Summers in South Florida can be a double-edged sword at times – you get the prime of the heat that has you racing to the beach for a good time, but also builds the dread of the start of hurricane season. Hurricane season isn’t exactly short either. As a matter of fact:
- The Atlantic hurricane season runs from June 1st to November 30th
- The Pacific hurricane season runs May 15th to November 30th
- Peak time for hurricanes is September
- Can pass through any U.S. coast or territory within the Atlantic or Pacific oceans
- Secure your property and make it disaster proof by boarding up windows and any glass entries. For the best protection, permanent storm shutters are the more ideal option, but 5/8’’ marine plywood that is cut to fit is a good alternative. Try to avoid using tape since it does not prevent window glass from breaking.

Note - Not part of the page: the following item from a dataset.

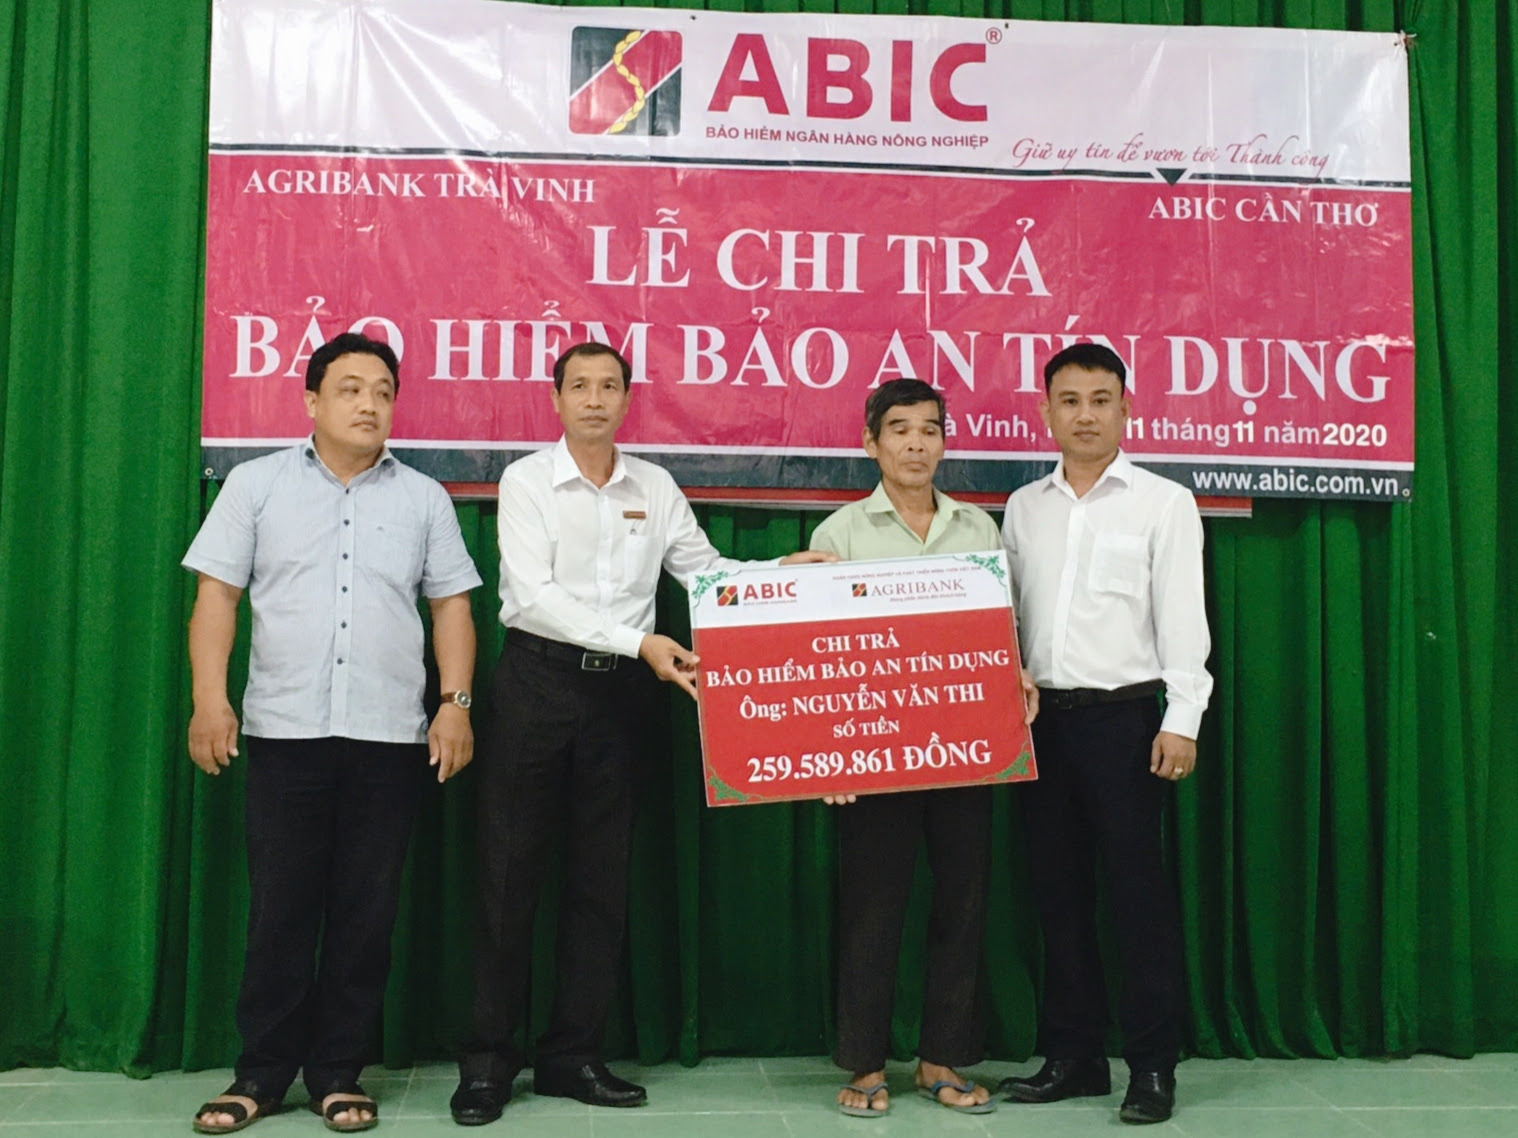 Trà Vinh: Agribank huyện Trà Cú chi trả quyền lợi Bảo hiểm Bảo an tín dụng cho khách hàng - Ảnh 1.
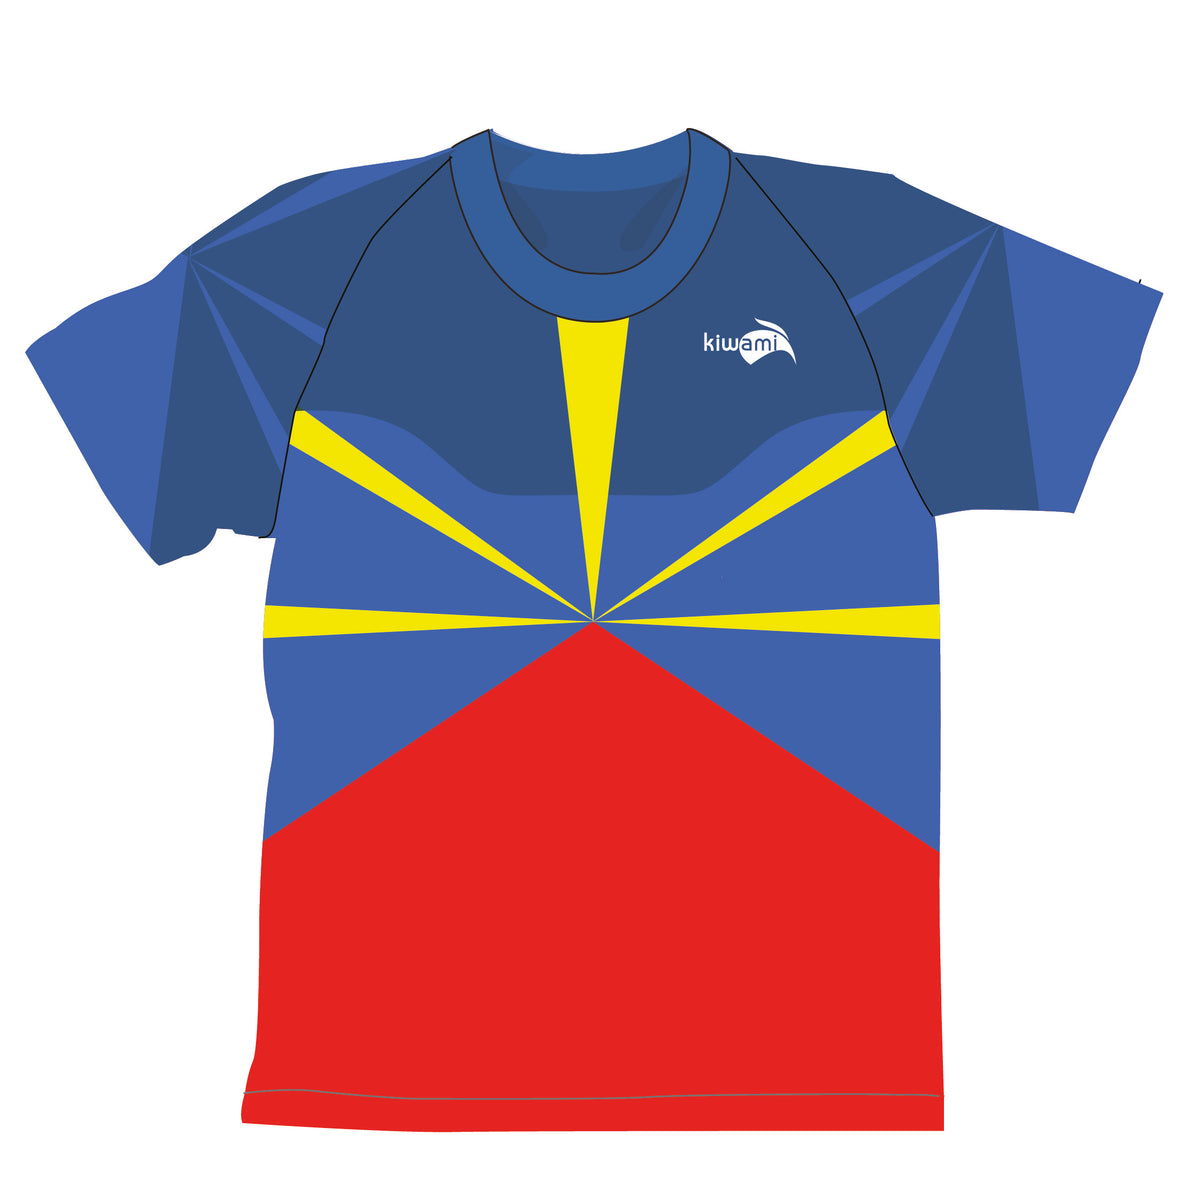 Tee-shirt running homme île de la réunion fabrication française kiwami sports

- Minimize the risk of roof damage with installation straps or clips to properly fasten your roof to the frame structure.
- To minimize external damage to your property and debris cleanup, trim trees and shrubs around the area.
- Clear loose and clogged rain gutters and downspouts to prevent misdirected flooding.
- Put any valuables on high shelves or on a higher floor of your house, this includes household chemicals, since chemicals that mix into floodwaters can be very dangerous.
- Consider building a safe room or picking a room in your property that is on the lowest level and away from any doors or windows.
- Pack a travel bag with the essentials: 2-3 clothes, toiletries, rain gear, watertight-sealed documents for insurance purposes (driver’s licenses, SS cards, passports, pet ID tags) and other legal papers.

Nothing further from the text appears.